- WHAT TO PRODUCE -
Take the line containing "af3414ceb Fonte de" and each line after it through the end of the data below, and return them exactly, minus any pictures.

- DATASET EXCERPT -
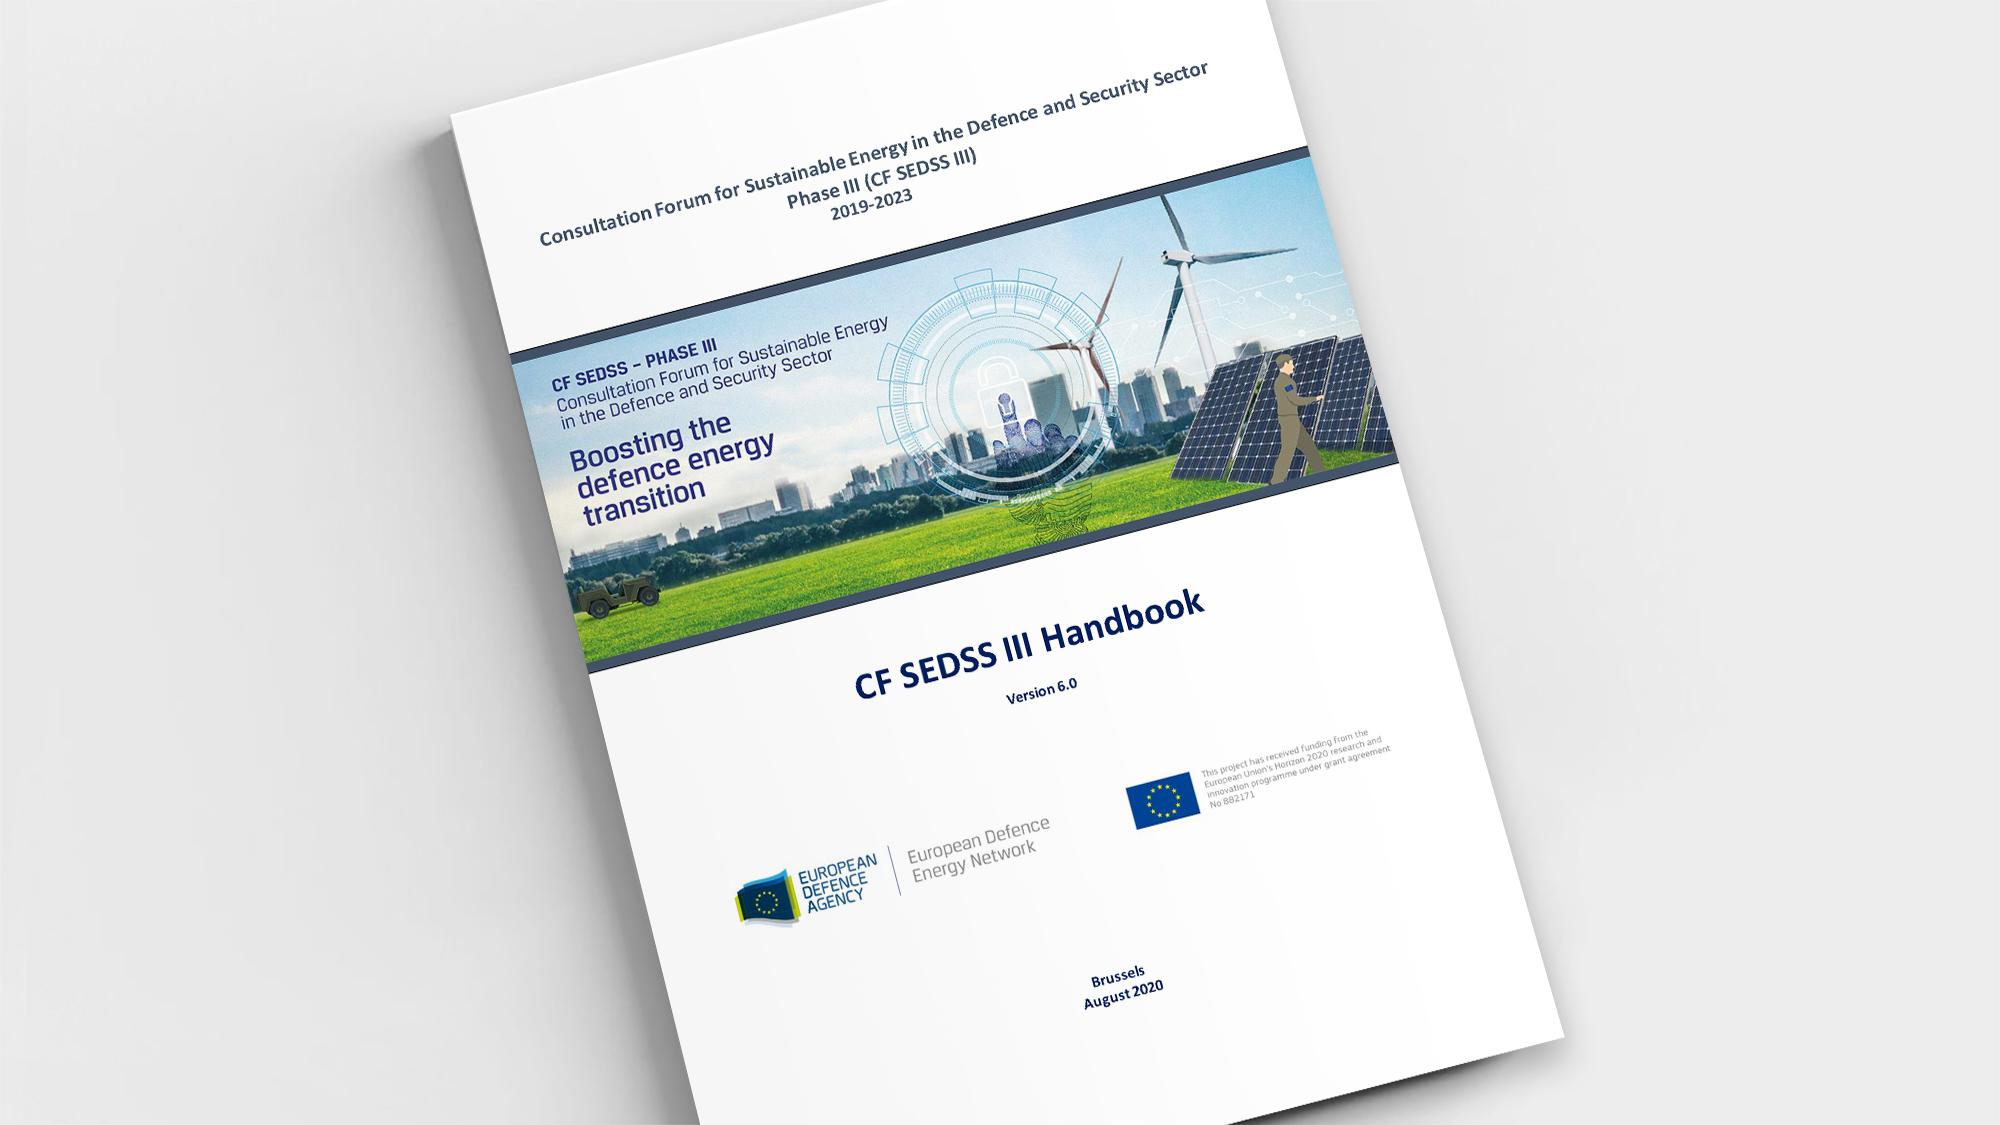 CF SEDSS Phase III Handbook
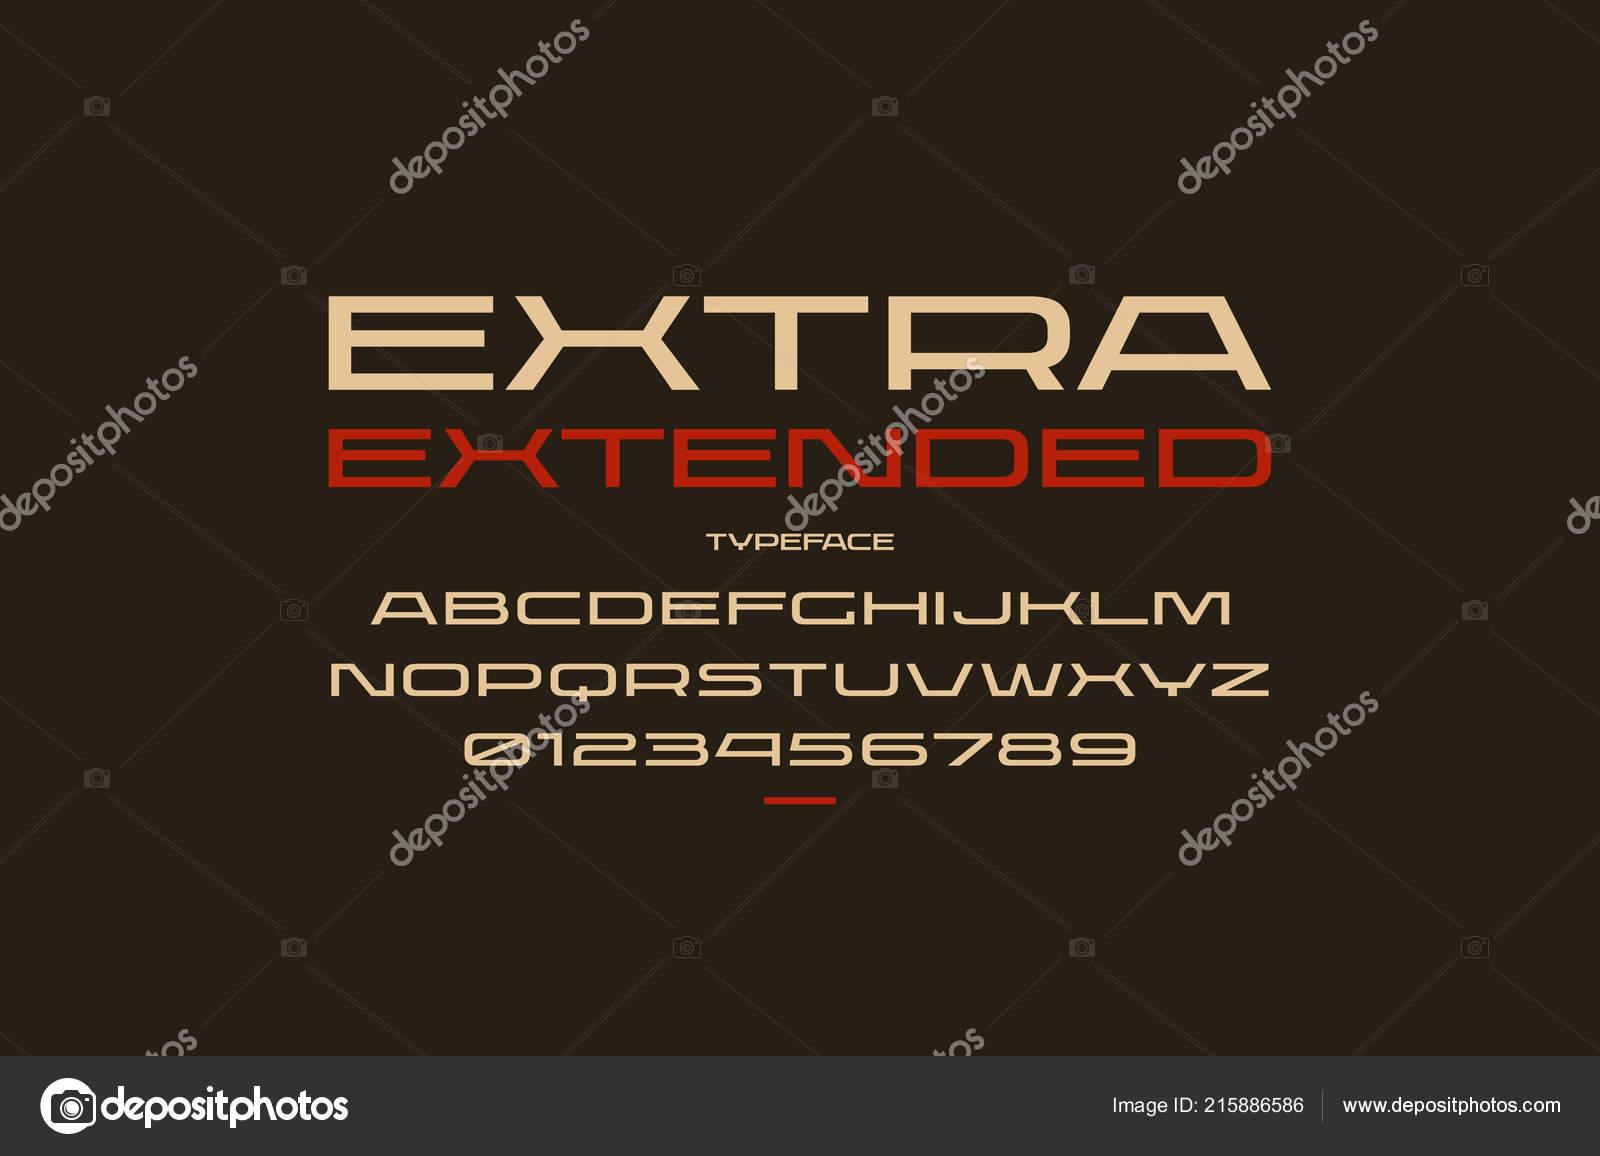 af3414ceb Fonte de ultra expandido sans serif em estilo esporte. Letras e números  para o design de logotipo e o emblema. Cor de impressão em fundo preto —  Vetor de ...
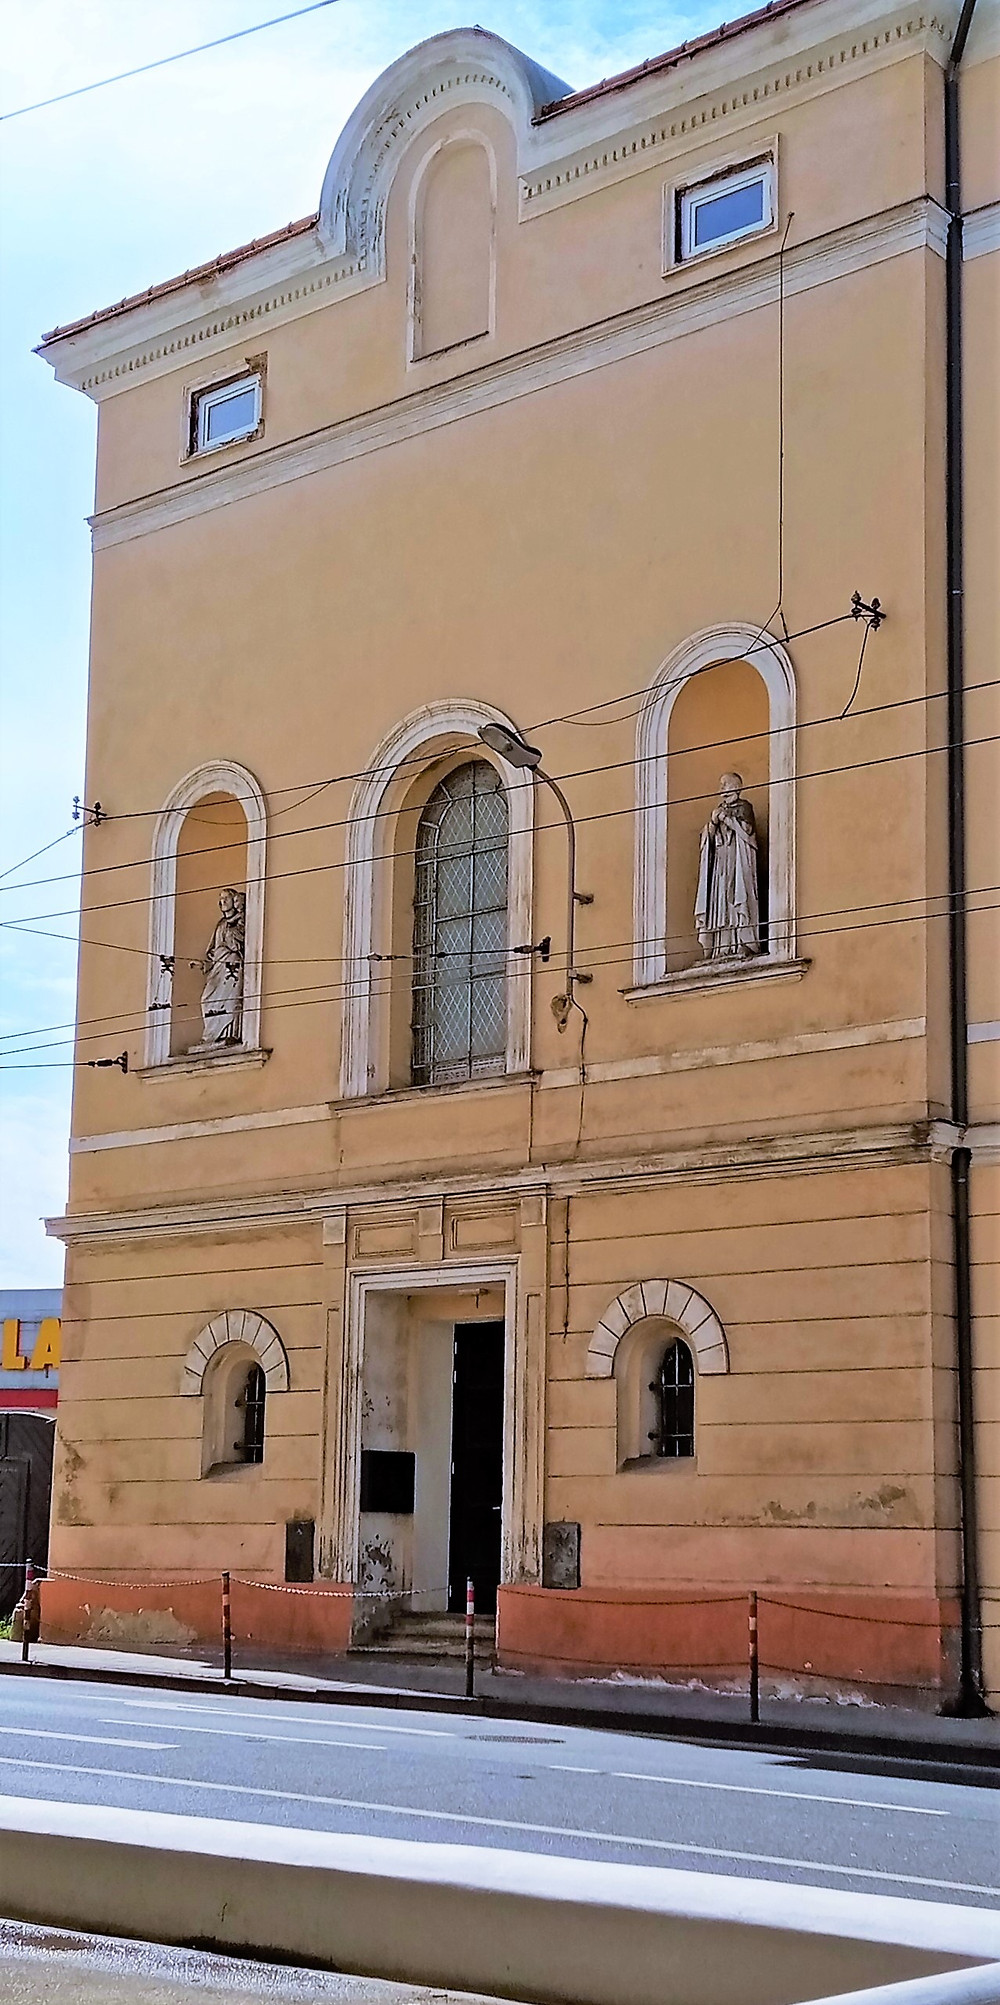 Kaple svatého Karla Boromejského v bývalém klášteře kongregace Milosrdných sester svatého Karla Boromejského

- EXERCISE RESPONSE -
 af3414ceb Fonte de ultra expandido sans serif em estilo esporte. Letras e números  para o design de logotipo e o emblema. Cor de impressão em fundo preto —  Vetor de ...
 Kaple svatého Karla Boromejského v bývalém klášteře kongregace Milosrdných sester svatého Karla Boromejského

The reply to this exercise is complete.